O Jonhsonie zrobiło się nad Wisłą głośno w 2005 roku. Mający polskie korzenie napastnik zadeklarował wówczas chęć gry w biało-czerwonych barwach. Nic z tego jednak nie wyszło a złośliwi mówili, że Johnhson chciał takim zachowaniem jedynie zwrócić na siebie uwagę selekcjonera angielskiej reprezentacji. Poskutkowało, bo kilka dni później Sven-Goran Eriksson powołał niedoszłego reprezentanta Polski do kadry Albionu.
Teraz po Johnsona sięgnął trener Roy Hodgson, który prowadzi Fulham. Klub z Londynu z trudem utrzymał się w Premiership, dlatego wzmocnienia były niezbędne.
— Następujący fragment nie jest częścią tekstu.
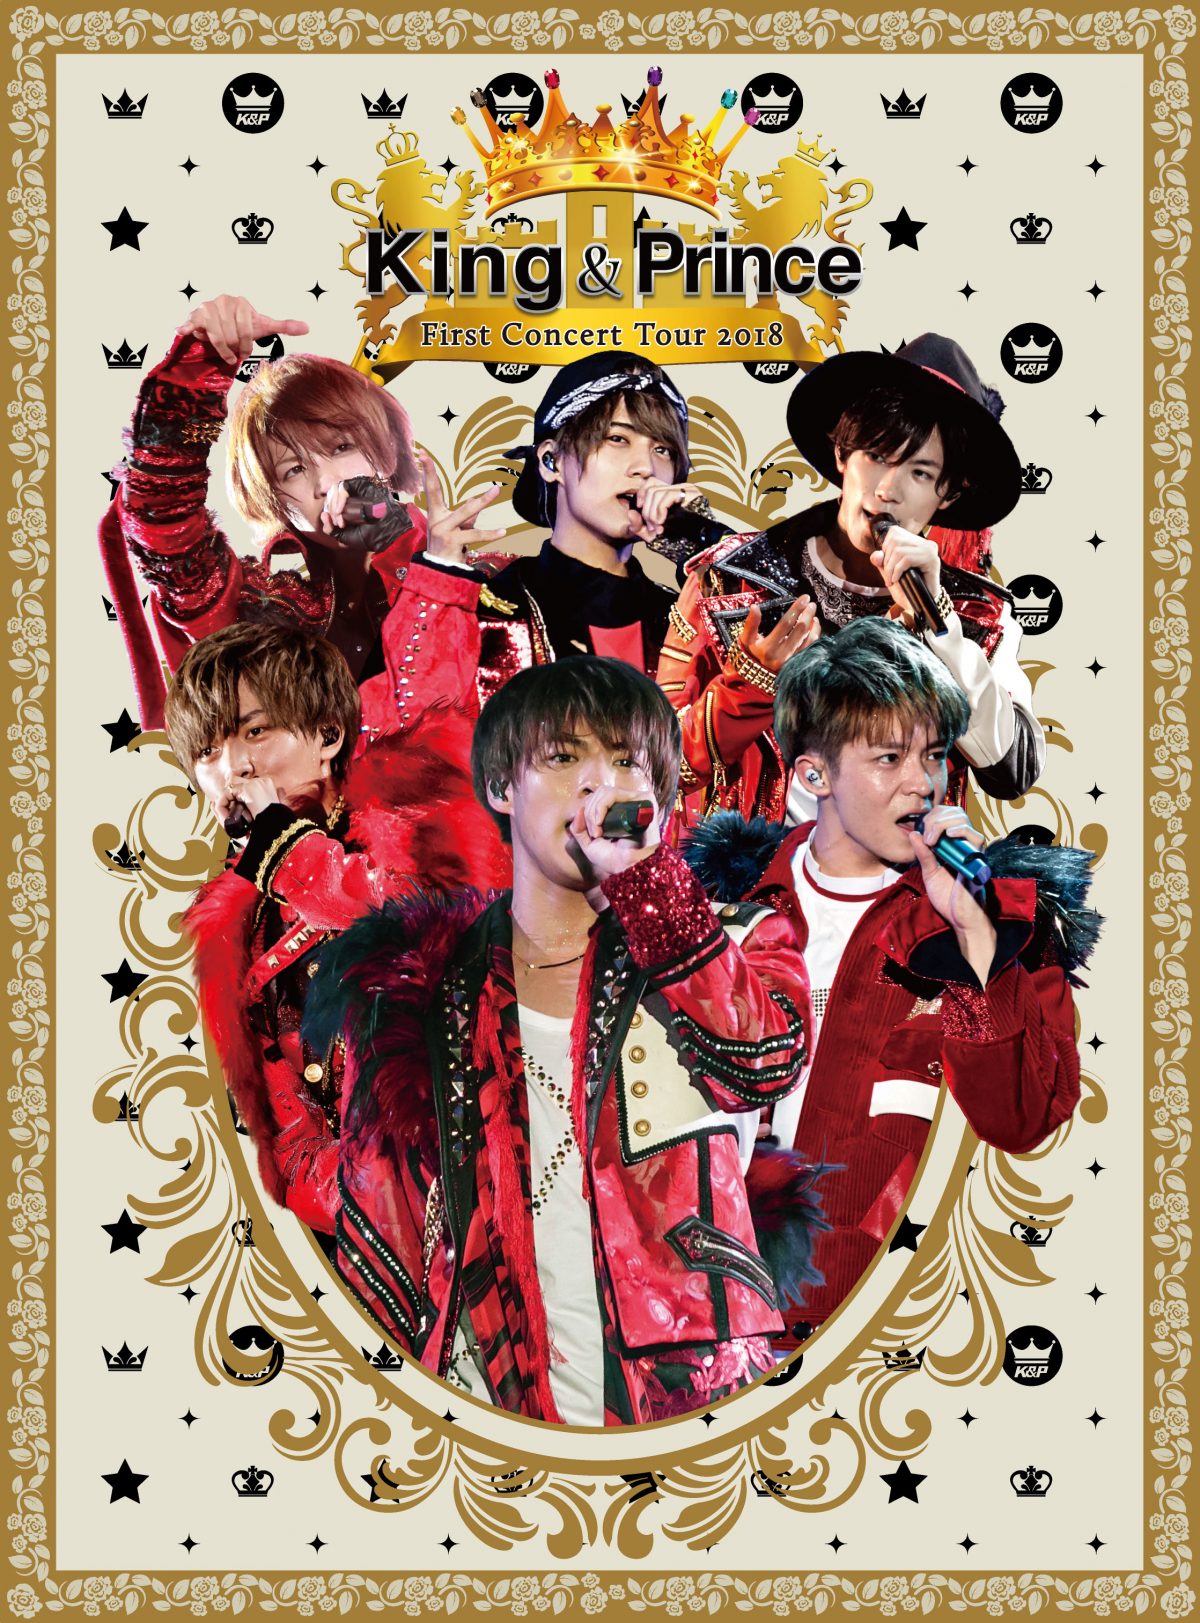 12/12発売「King & Prince First Concert Tour 2018」ジャケット写真更新 - King & Prince

- Trener Hodgson bardzo chciał mnie ściągnąć do klubu, co tylko podbudowało mnie psychicznie. Dla niego i drużyny będę w każdym meczu dawał z siebie 100 procent - deklaruje Johnhson.
Popularny „AJ” w barwach Evertonu w poprzednim sezonie zdobył 6 bramek, a razem w ciągu dwóch sezonów w Liverpoolu do siatki trafił 17 razy. Kosztował 10,5 miliona funtów.